Я и сам плохо верю, что на «Ладоге» обнаружится нечто интересное. Но приказ у
нас был недвусмысленный: обследовать все три корабля. При том, что возможностей
для нормальной работы в городе у нас в одночасье не стало, выбор небогат… А
люди мы военные. Ничего, не журись. Я тут поразмыслил и пришел к выводу, что
ничегошеньки мы не запороли и нигде не напортачили. Делали в этих условиях все,
что могли. Выяснили все, что могли. А с тебя вообще спрос невелик: тебе
говорили погружаться, и ты исправно делал «бульк», как то глюкало из анекдота…
Однако он был угрюм, и Мазур прекрасно понимал, что гнетет
майора: доказать, будто ты сделал все, что мог, иногда бывает чертовски тяжело,
начальство сплошь и рядом склонно считать, что оно тебя отправило на задание не
затем, чтобы ты педантично и четко выполнял приказы, а для того, чтобы ты
совершал чудеса, желательно в немеренном количестве. Хотя прямо этого и не говорится,
большинство начальственных резолюций на рапортах, равно как и разносов,
сводится к сей нехитрой истине: отчего вы, такие-сякие, совершили мало чудес?

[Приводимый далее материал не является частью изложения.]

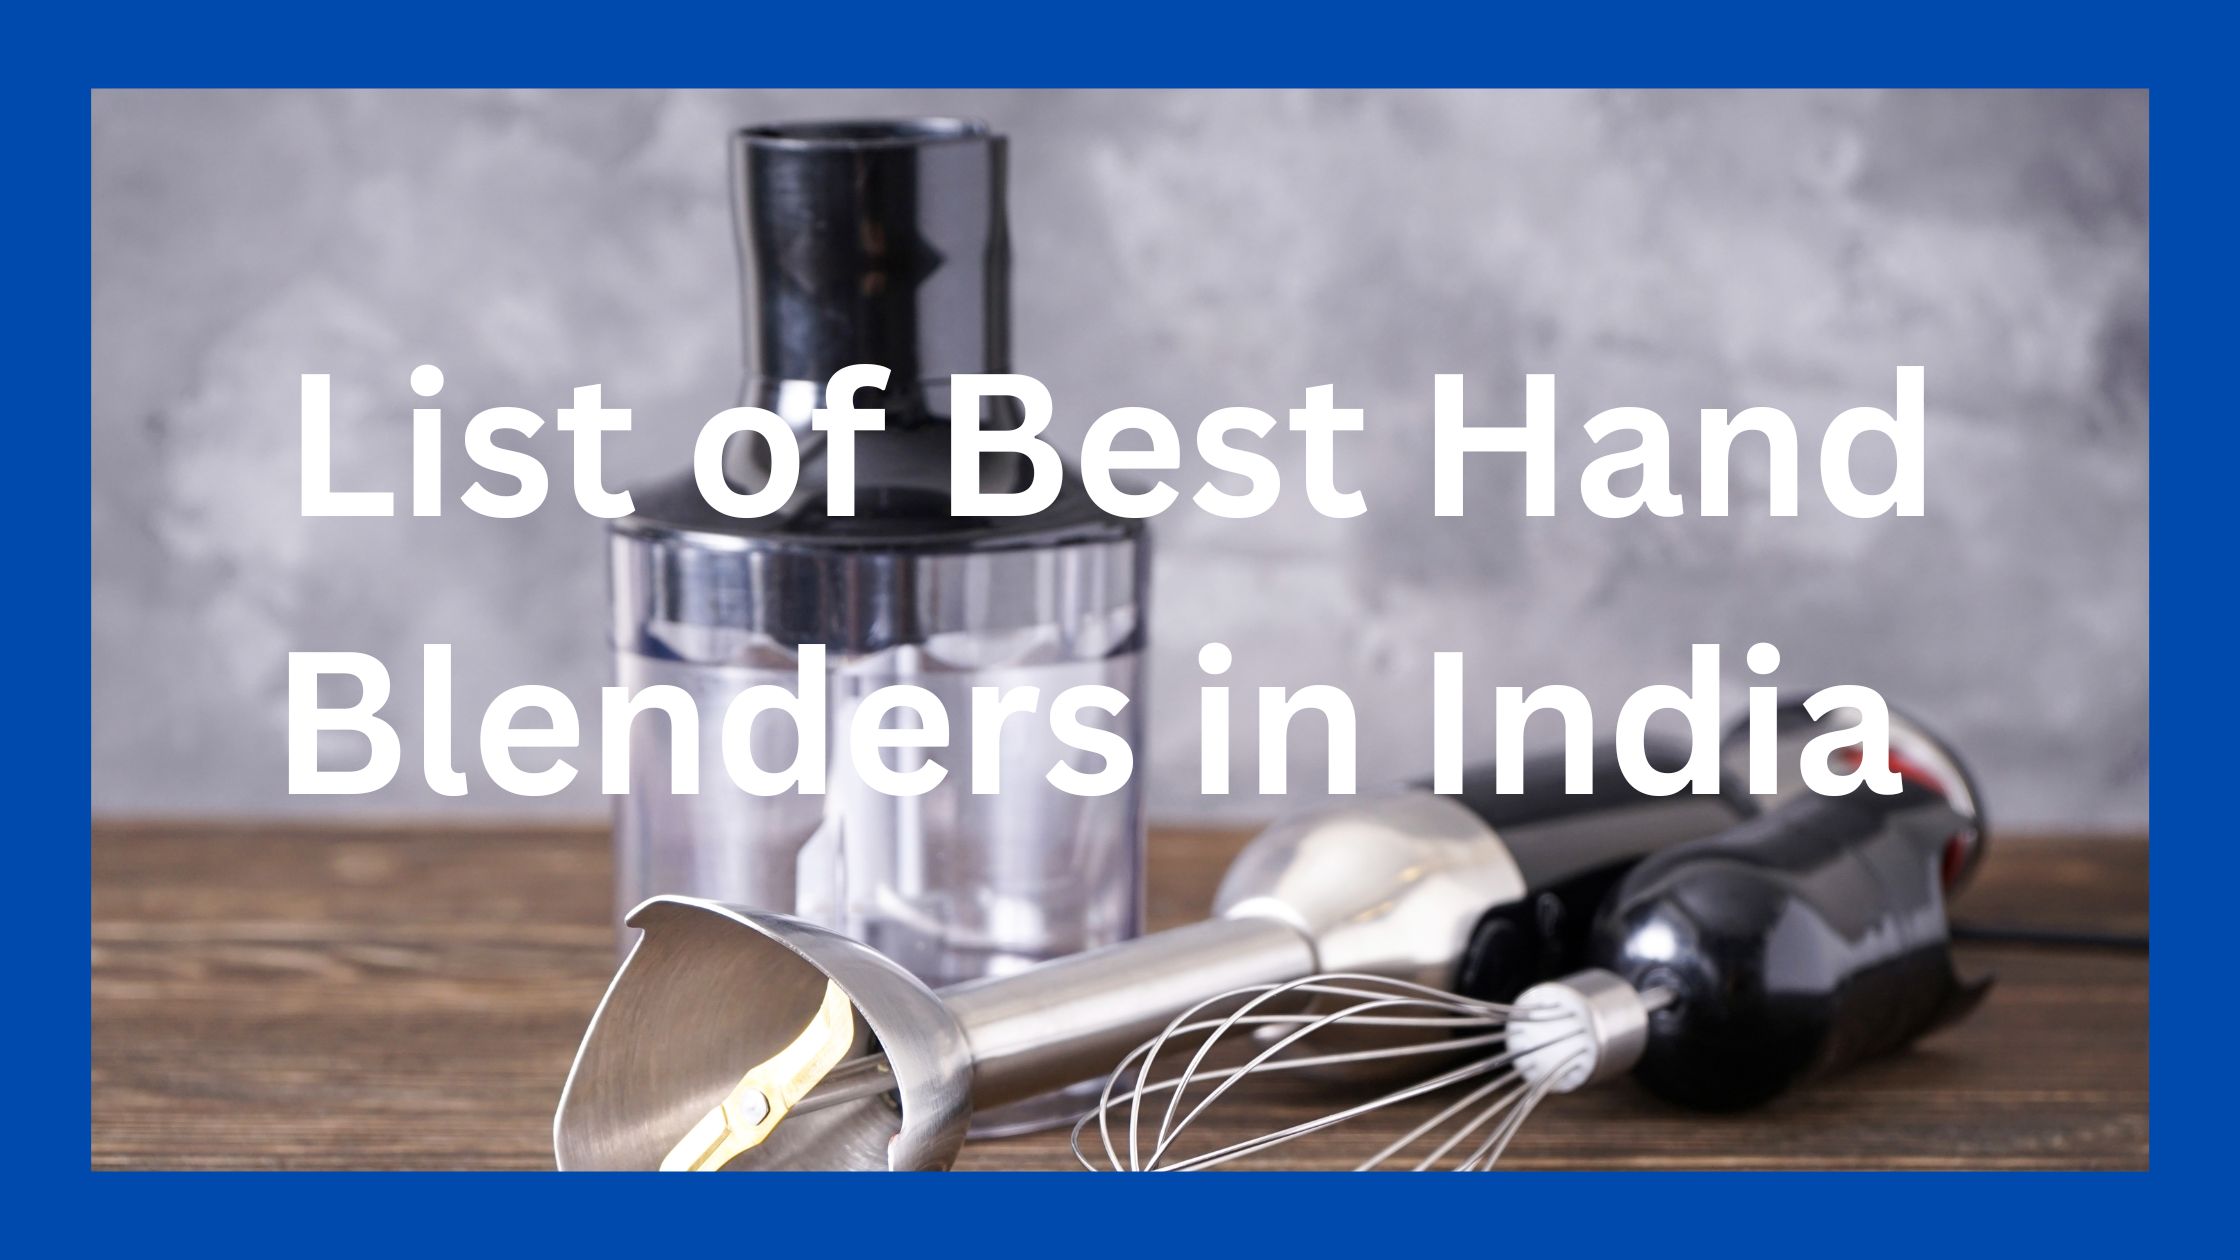 Best Hand Blender in India

— Слушай, — сказал он осторожно. — Коли уж теперь
кораблю ведено выступать в своем подлинном обличье… Может, всеми наличными
силами высадить десант на тот островок? Смотришь, и найдем что-то интересное…
— Е с л и найдем, — сказал Кацуба, подумав. Великодушно
добавил: — Мысль, по идее, неплохая. Но после того, как они в хорошем темпе
превратили своих жмуриков в жертв нашей неосторожности, я к ним начинаю
относиться, как к твердым профессионалам. А у хорошего профессионала должно
что-то быть припасено в загашнике против лихой высадки десанта средь бела дня,
я не об отражении штурма огневыми средствами говорю… Хотя… Ты знаешь, не мешает
пройти мимо и посмотреть в бинокль, что там нынче творится. В конце-то концов,
нам никто не запрещал плавать в тех местах, это Величко в хреновом положении.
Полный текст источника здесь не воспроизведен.